Function: Definition

Definition

A function $f$ from a set $A$ to a set $B$ is a relation that assigns each element of set $A$ exactly one element of set $B$ .

This is written as:

$f: A \to B$

where:

$A$ is the domain
$B$ is the codomain
For every $a \in A$ , there exists one and only one $b \in B$ such that $f(a) = b$

Key conditions in the definition:

1. Every input must be assigned

— no element of the domain can be left unmapped.

2. Exactly one output for each input

— an input cannot map to more than one output.

3. The output must belong to the codomain

— the mapped value must be in the target set.

Example:

Let $A = \{1,2,3\}, \quad B = \{a,b,c,d\}$ If $f(1)=a,\quad f(2)=b,\quad f(3)=a$ then $f$ is a function because each element of $A$ has exactly one image in $B$ .

Non-example:

If $f(1)=a,\quad f(1)=b$ then this is not a function because the input $1$ has two outputs.

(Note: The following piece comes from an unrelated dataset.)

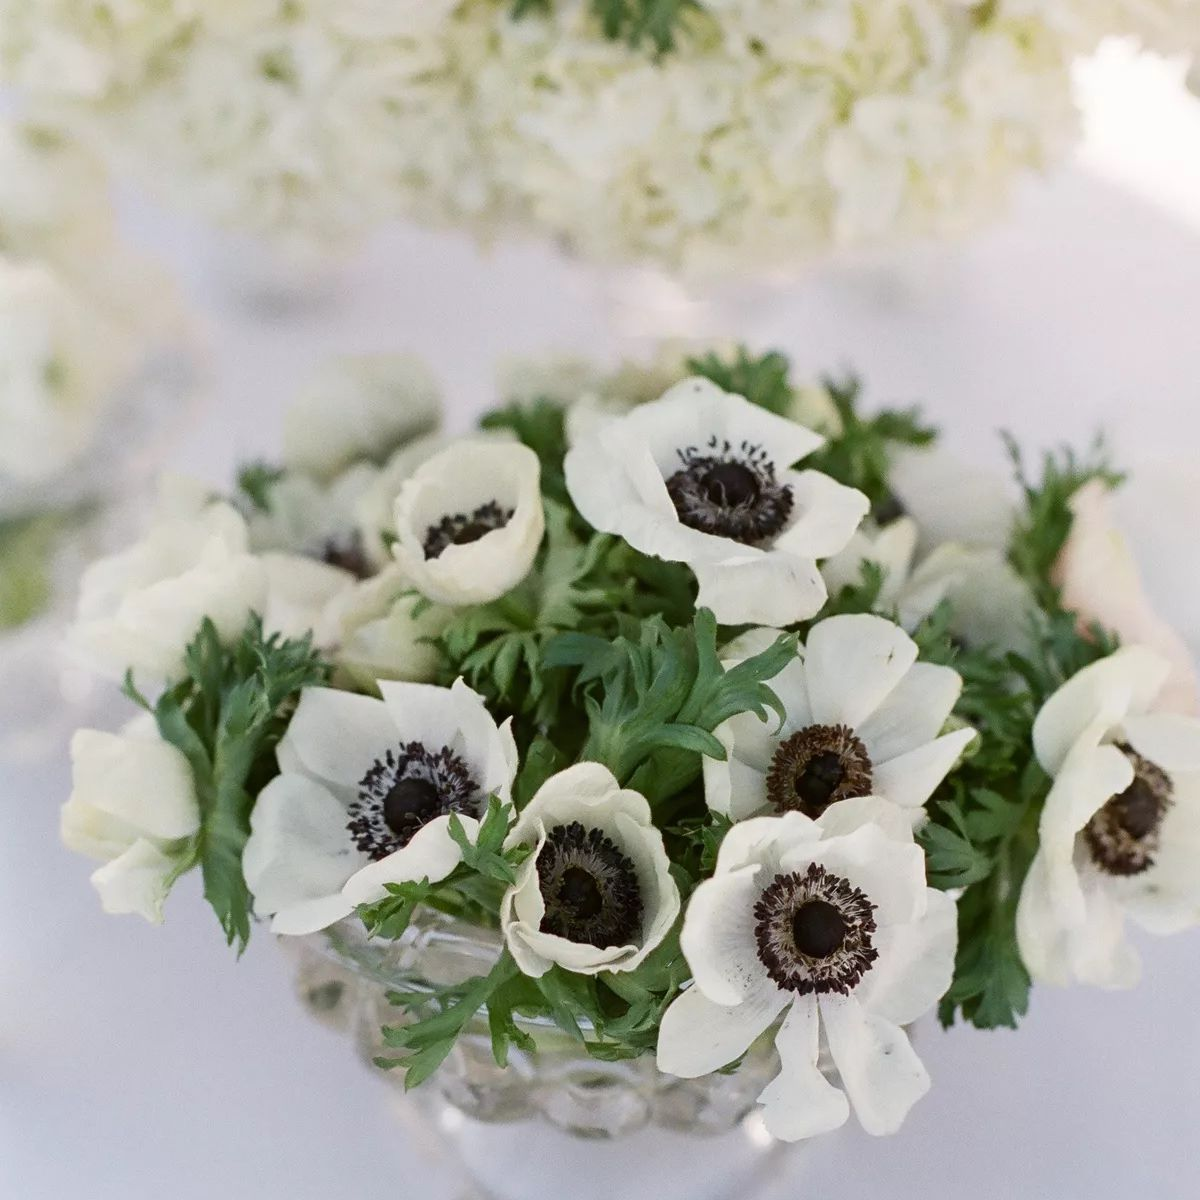 anemone flower centerpiece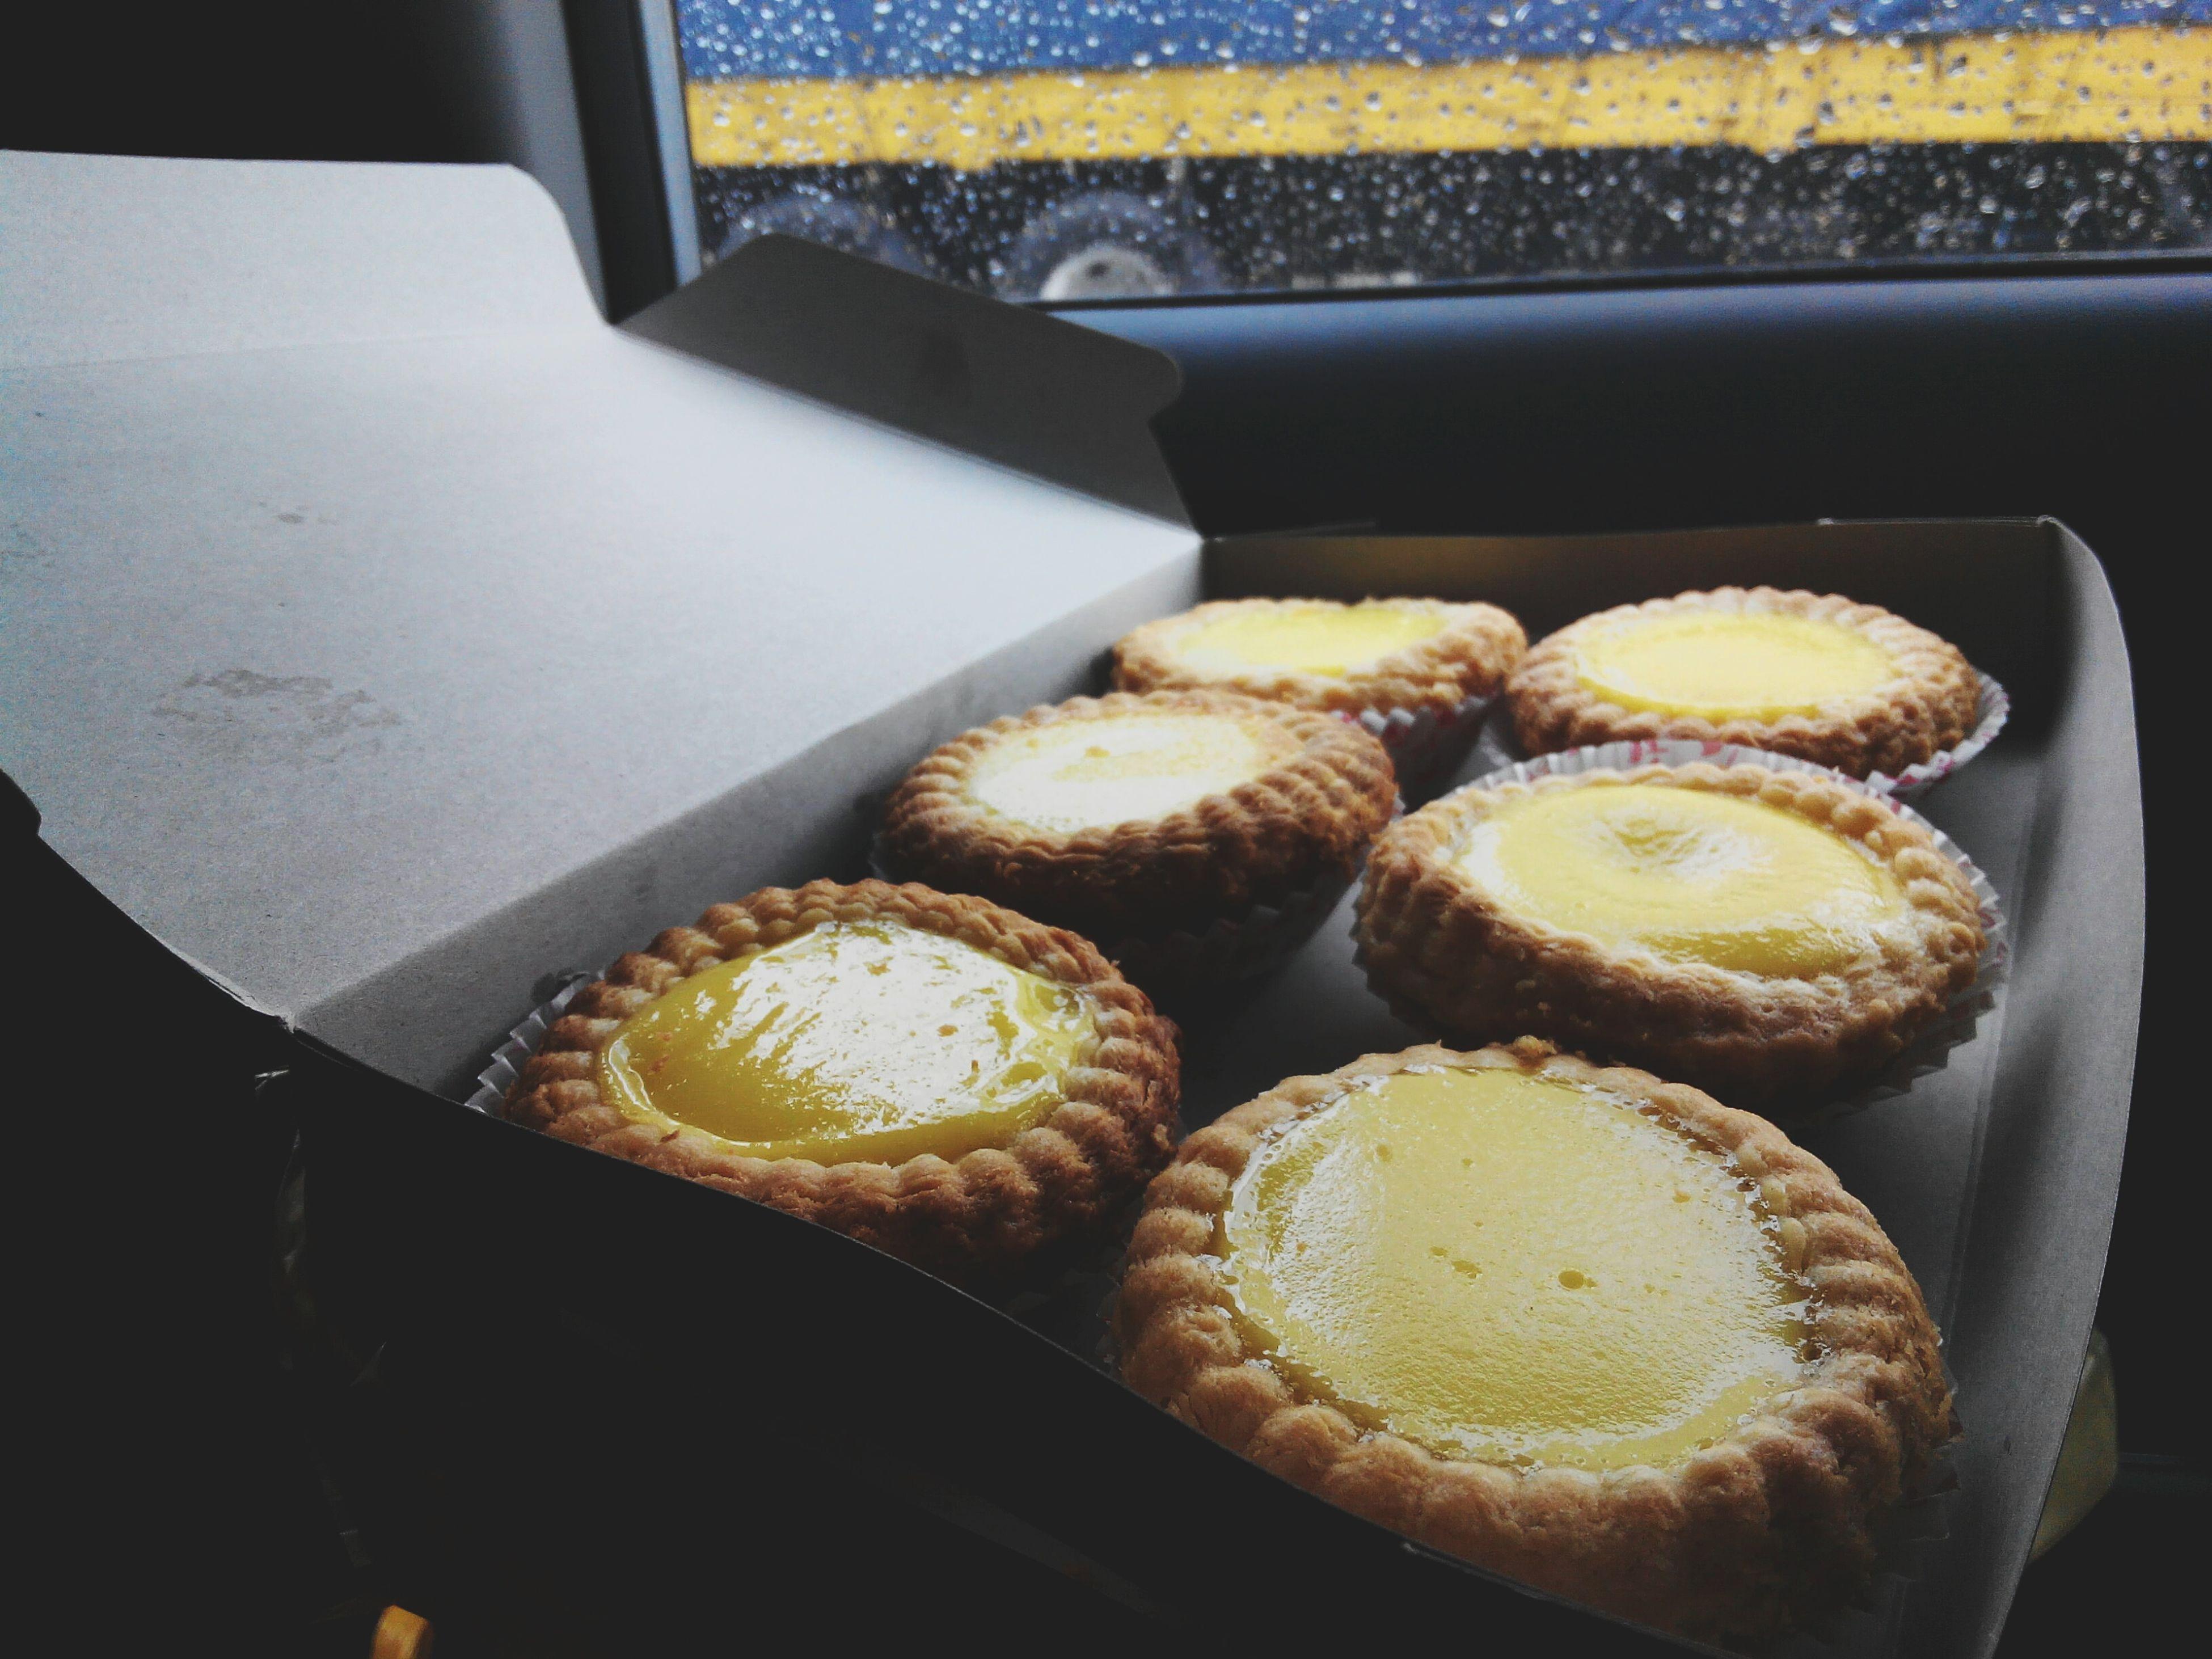 凉凉的天气,来个热乎乎的蛋挞😍😍 我是蛋挞控

If an element of the domain does not map to anything, it is also not a function.

Main Content

1. Domain, Codomain, and Range

Domain

is the set of all allowed inputs for the function. It tells us where the function starts.

Codomain

is the set in which all outputs are expected to lie. It is the target set declared by the function.

Range

is the actual set of outputs produced by the function from the domain.

Example:

If $f: \{1,2,3\} \to \{1,2,3,4,5\}$ defined by $f(x)=x+1$ then:

Domain = $\{1,2,3\}$
Codomain = $\{1,2,3,4,5\}$
Range = $\{2,3,4\}$

This shows that range may be smaller than codomain.

Important distinction:

Domain tells us what inputs are accepted.
Codomain tells us the possible output universe.
Range tells us the outputs that actually occur.

2. Rule of Unique Output

A function must assign only one image to each element of the domain.
If one input has two or more outputs, the relation fails to be a function.
The uniqueness condition is what distinguishes functions from general relations.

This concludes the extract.